[SOURCE RECORDS — start]

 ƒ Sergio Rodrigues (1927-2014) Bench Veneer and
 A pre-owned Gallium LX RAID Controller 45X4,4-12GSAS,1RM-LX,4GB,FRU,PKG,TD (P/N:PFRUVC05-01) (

[SOURCE RECORDS — finish]
[SOURCE RECORDS — start]

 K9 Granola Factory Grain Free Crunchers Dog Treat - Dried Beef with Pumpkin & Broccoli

[SOURCE RECORDS — finish]
[SOURCE RECORDS — start]

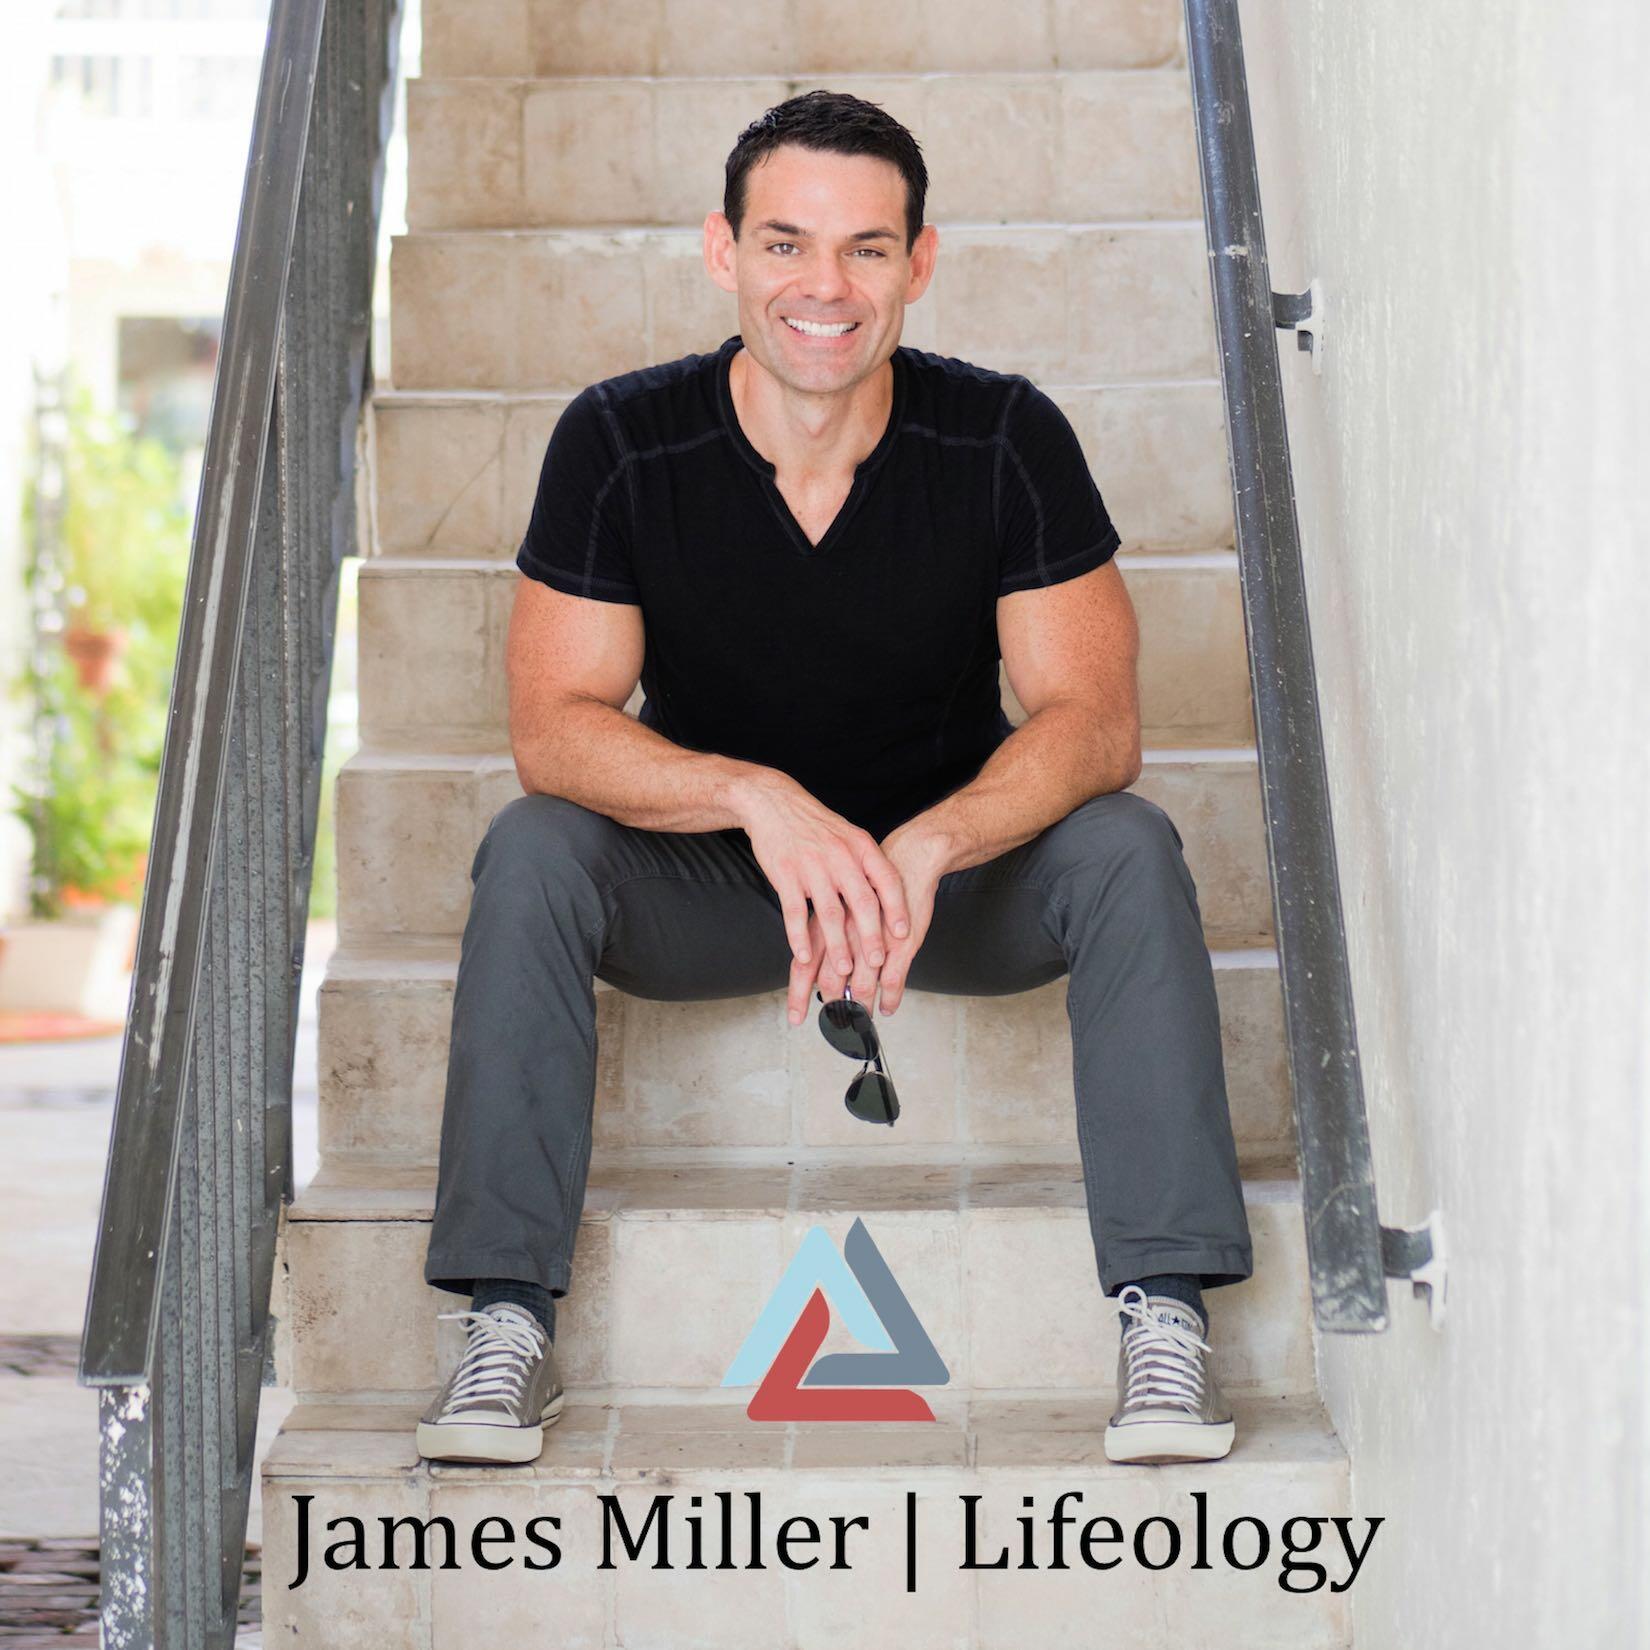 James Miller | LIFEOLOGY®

[SOURCE RECORDS — finish]

**YOUR OBJECTIVE:**
Your answer must be the lines above from the one containing "ƒ Sergio Rodrigues" to the one containing "A pre-owned Gallium", both included, restated word for word.

**OUTPUT:**
 ƒ Sergio Rodrigues (1927-2014) Bench Veneer and
 A pre-owned Gallium LX RAID Controller 45X4,4-12GSAS,1RM-LX,4GB,FRU,PKG,TD (P/N:PFRUVC05-01) (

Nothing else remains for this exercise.